AIM OF THE EXERCISE: Pictures within the data are to be left out; everything else must be reproduced exactly.

PROVIDED MATERIAL:
----

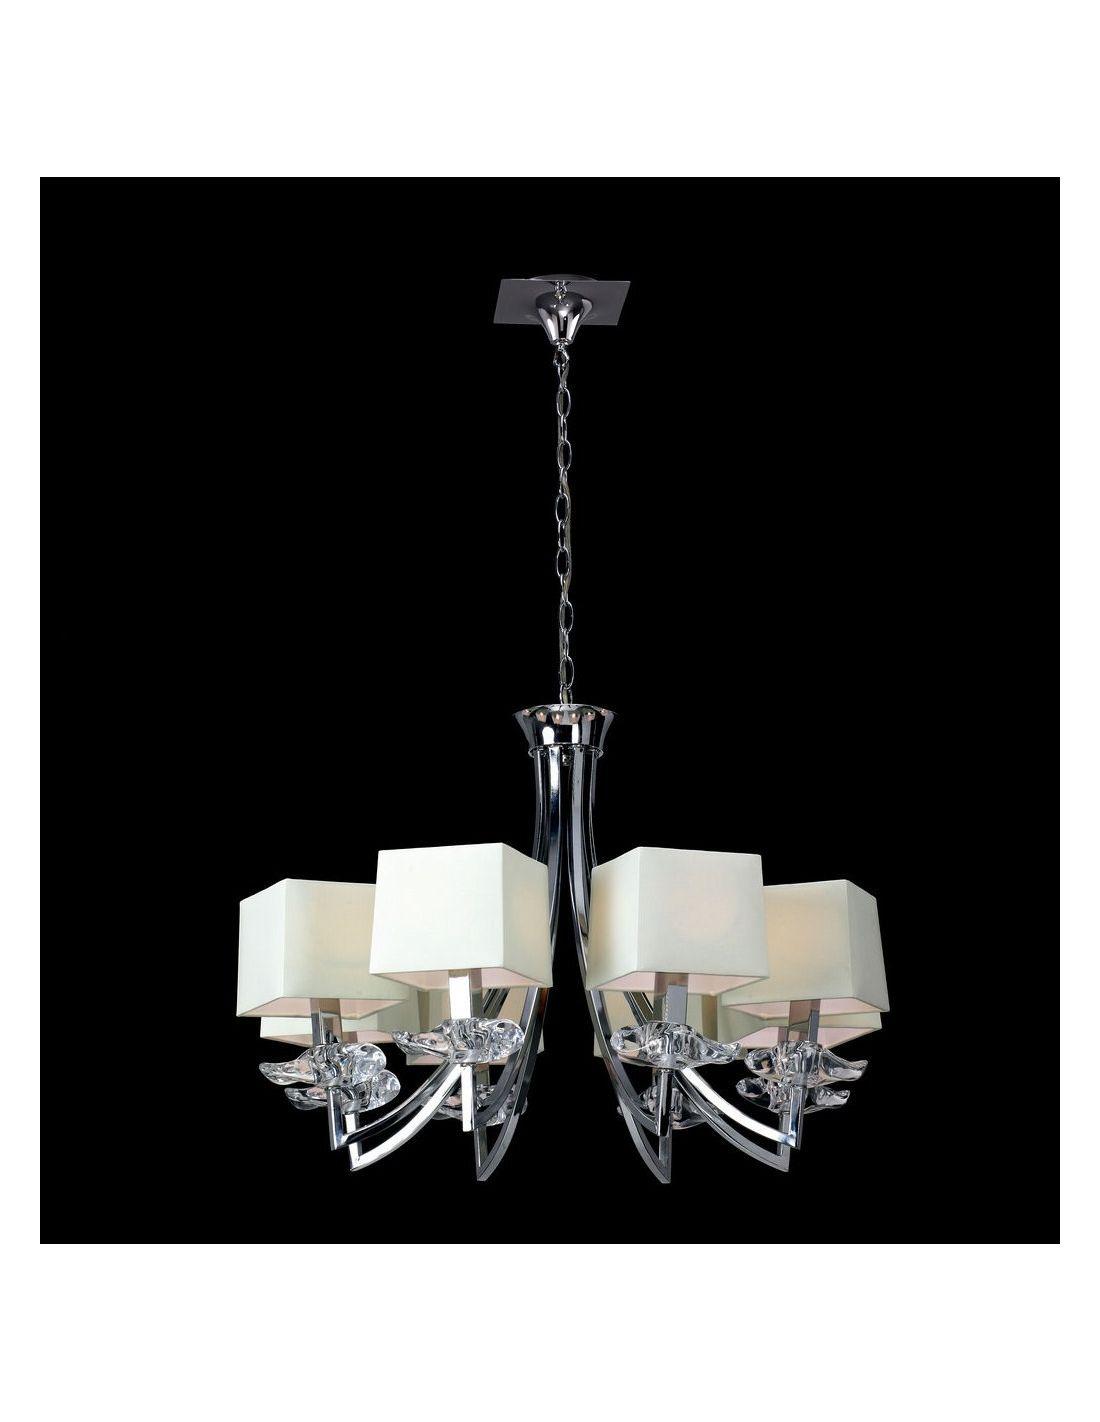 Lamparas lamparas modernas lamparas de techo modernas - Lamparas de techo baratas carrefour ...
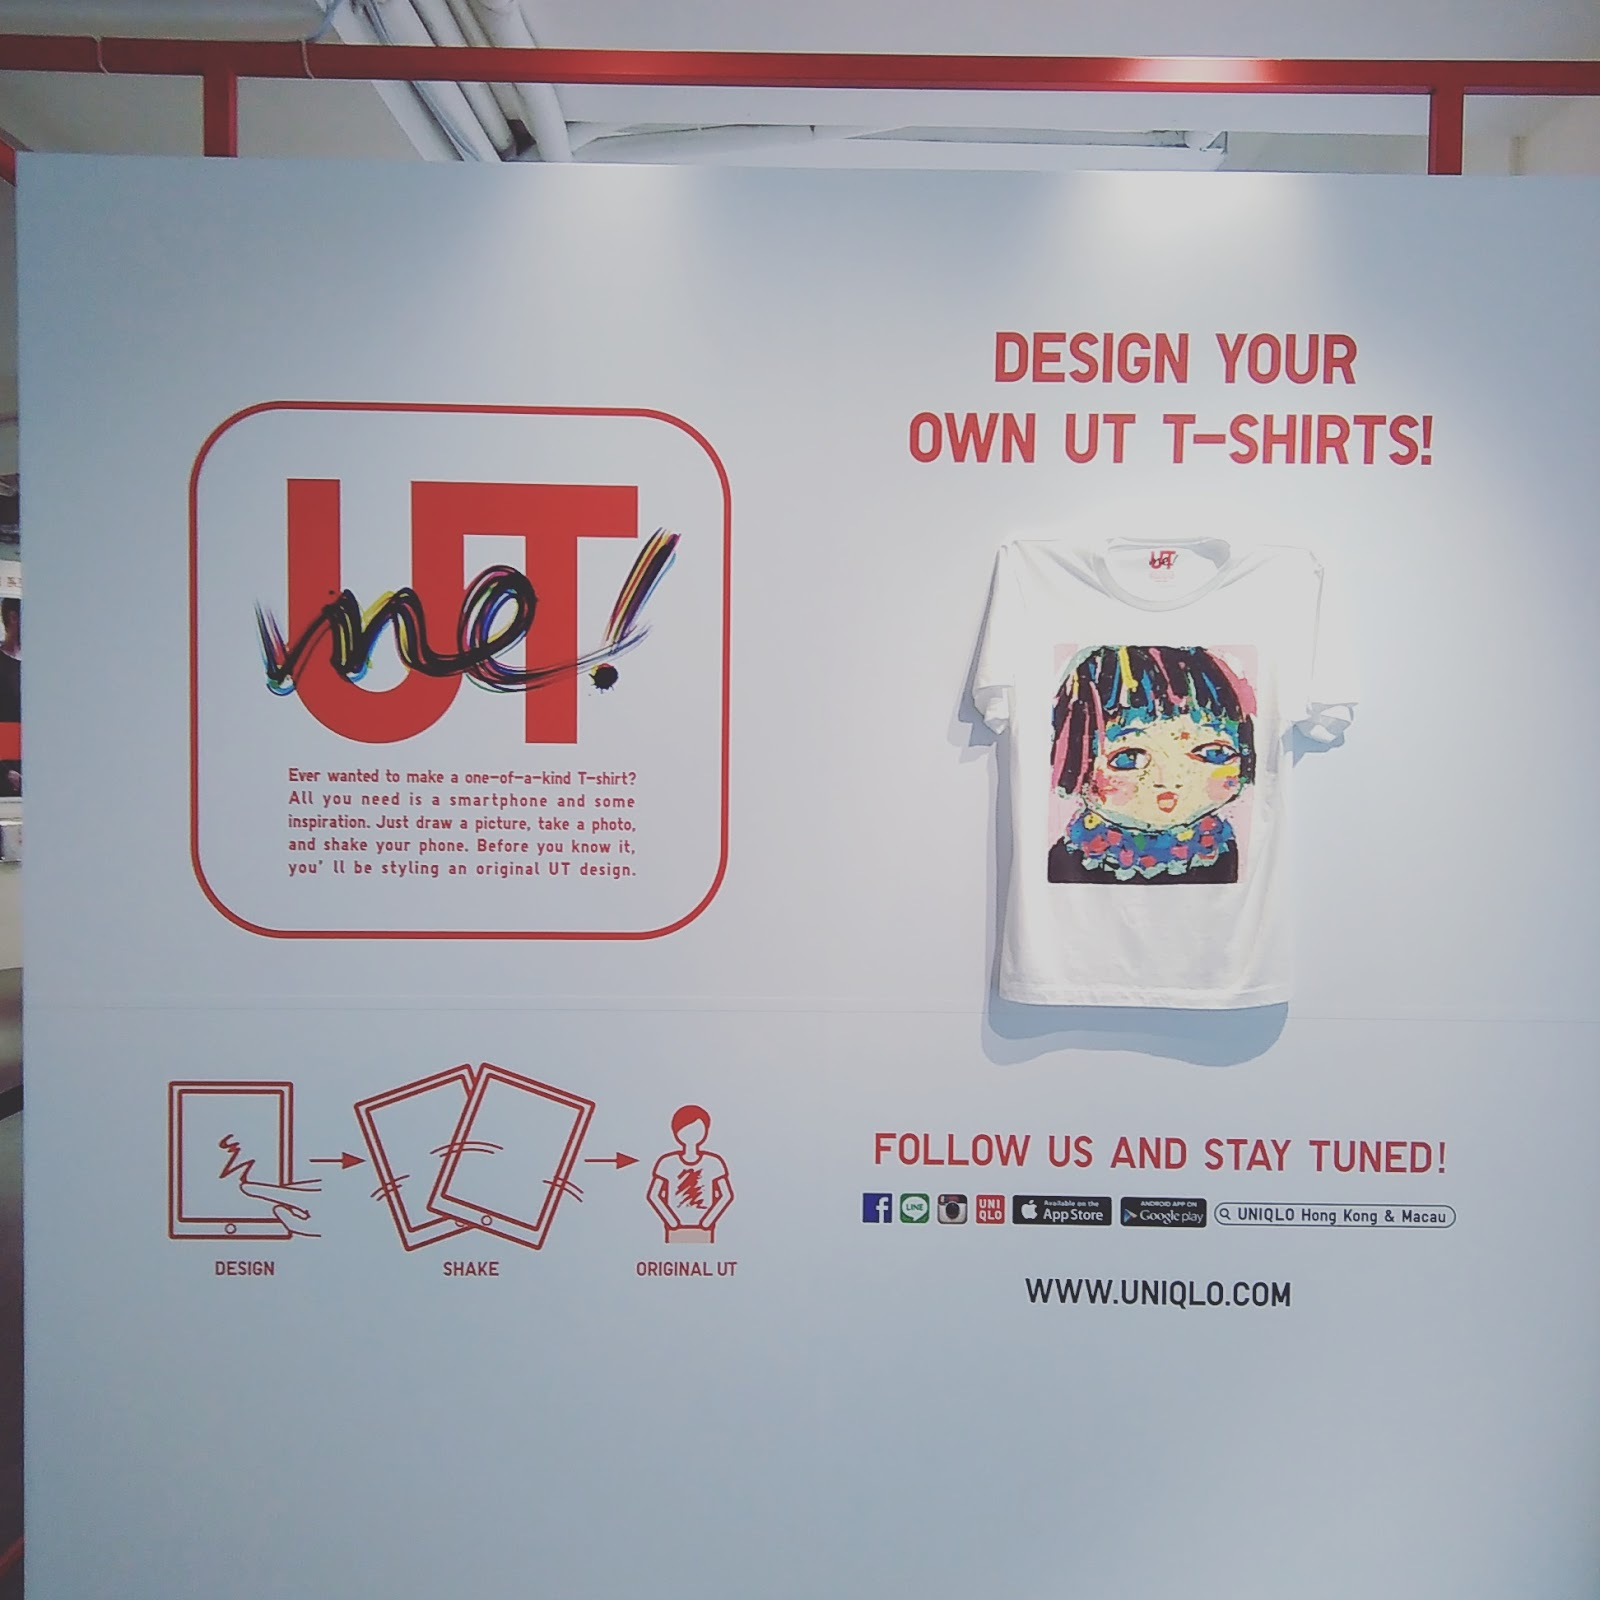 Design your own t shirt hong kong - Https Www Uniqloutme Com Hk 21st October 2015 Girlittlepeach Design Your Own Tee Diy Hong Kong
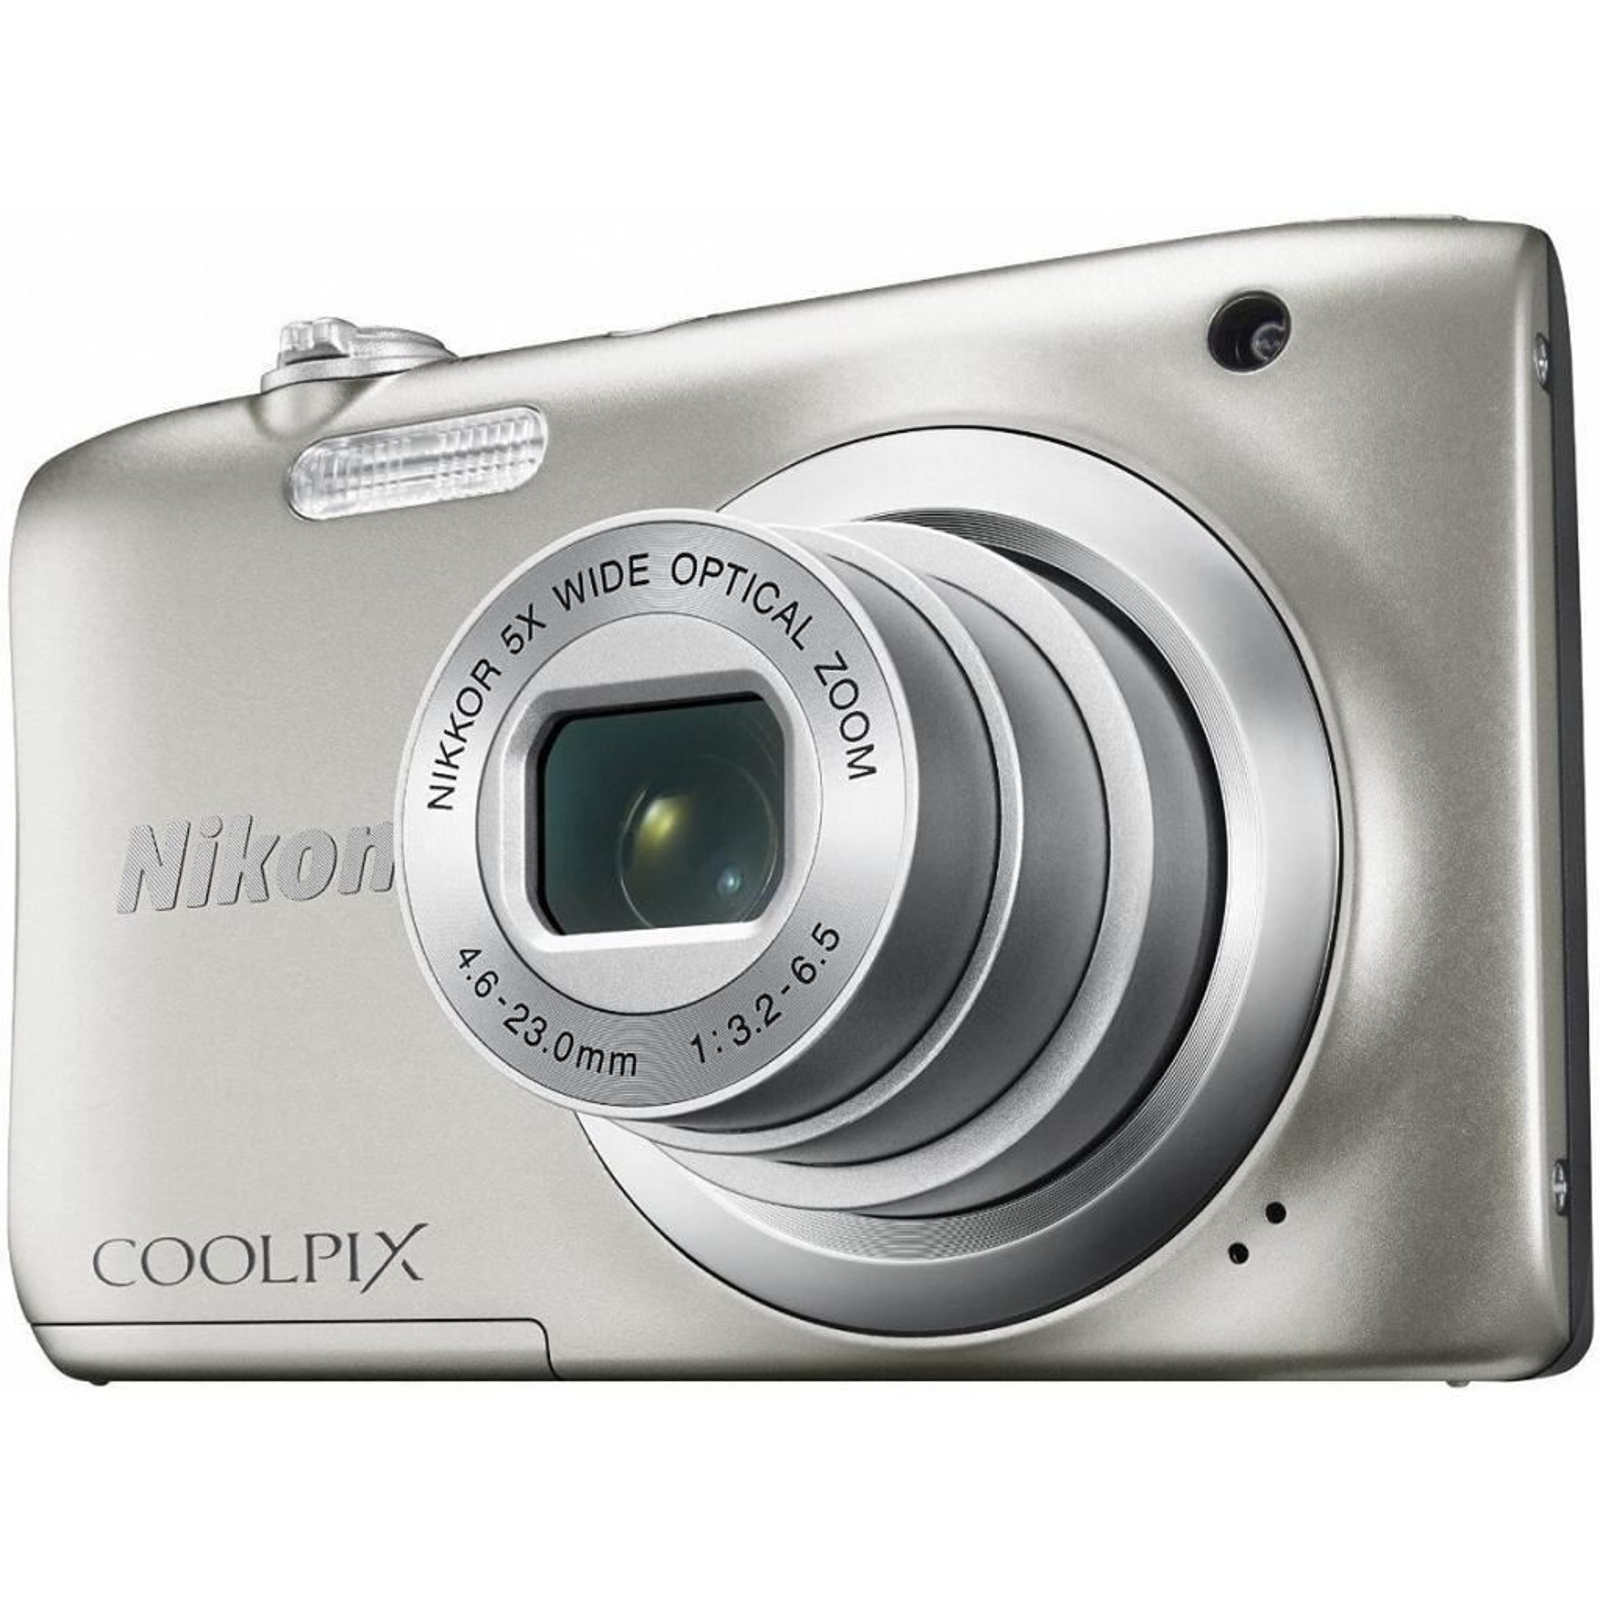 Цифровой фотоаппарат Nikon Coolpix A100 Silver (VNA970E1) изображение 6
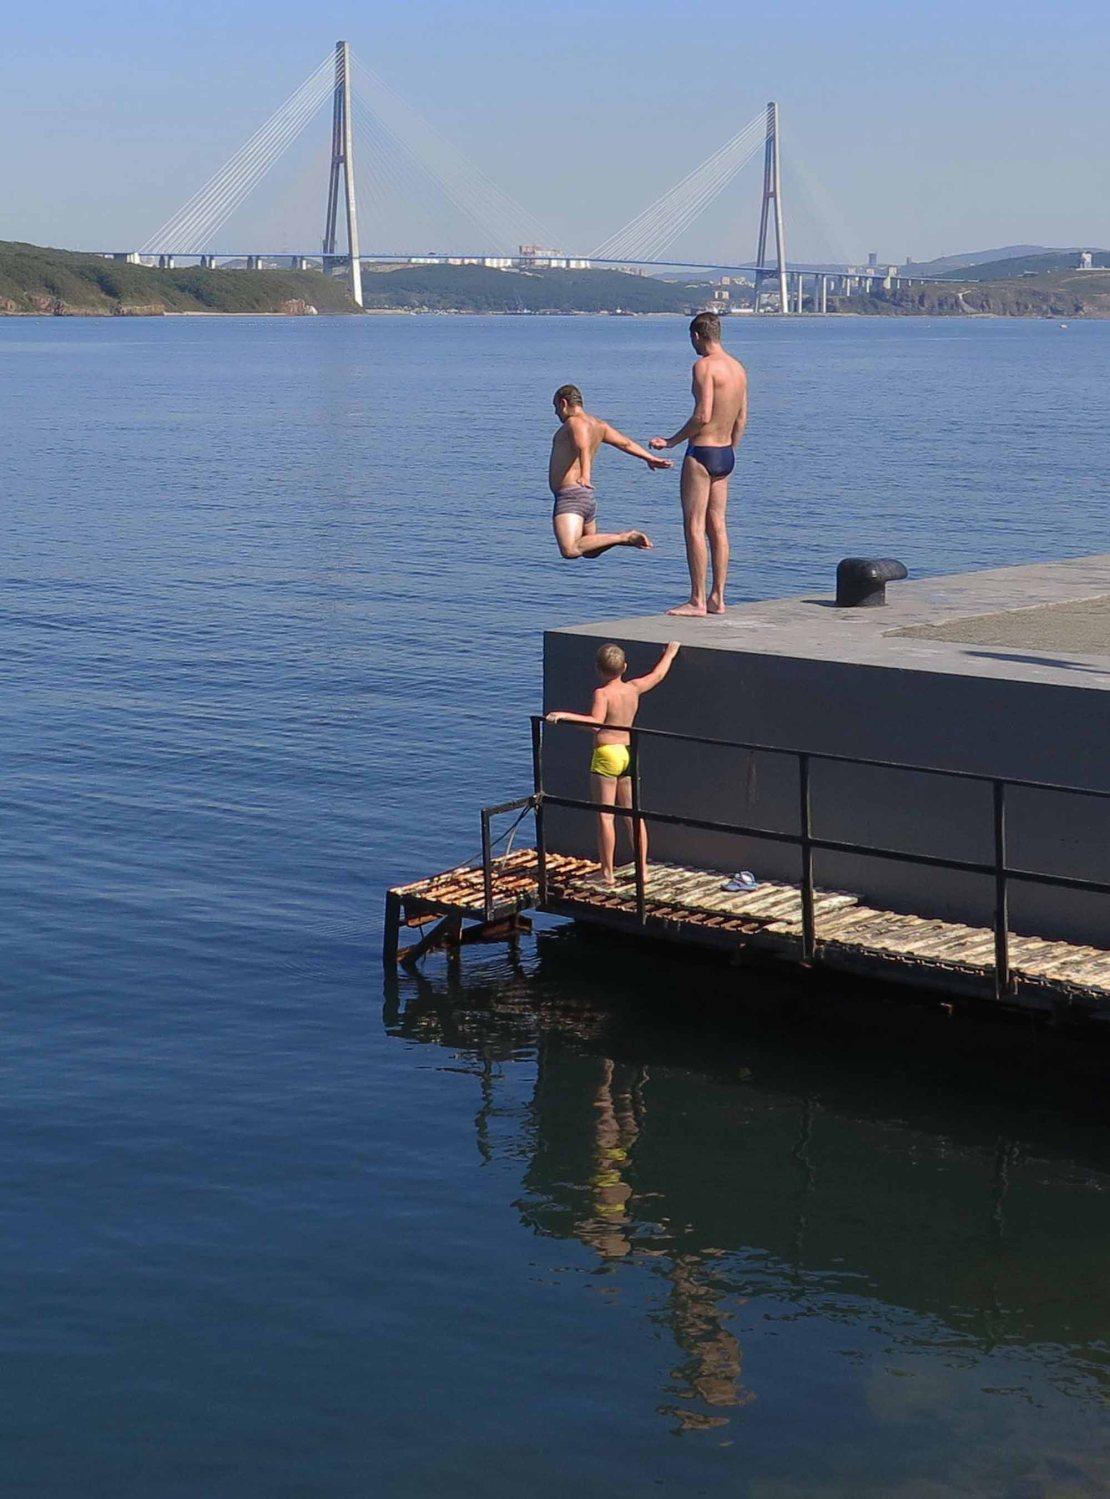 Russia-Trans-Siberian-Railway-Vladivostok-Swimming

----

RESPONSE TO THIS EXERCISE:
 Lamparas lamparas modernas lamparas de techo modernas - Lamparas de techo baratas carrefour ...
 Design your own t shirt hong kong - Https Www Uniqloutme Com Hk 21st October 2015 Girlittlepeach Design Your Own Tee Diy Hong Kong
 Цифровой фотоаппарат Nikon Coolpix A100 Silver (VNA970E1) изображение 6
 Russia-Trans-Siberian-Railway-Vladivostok-Swimming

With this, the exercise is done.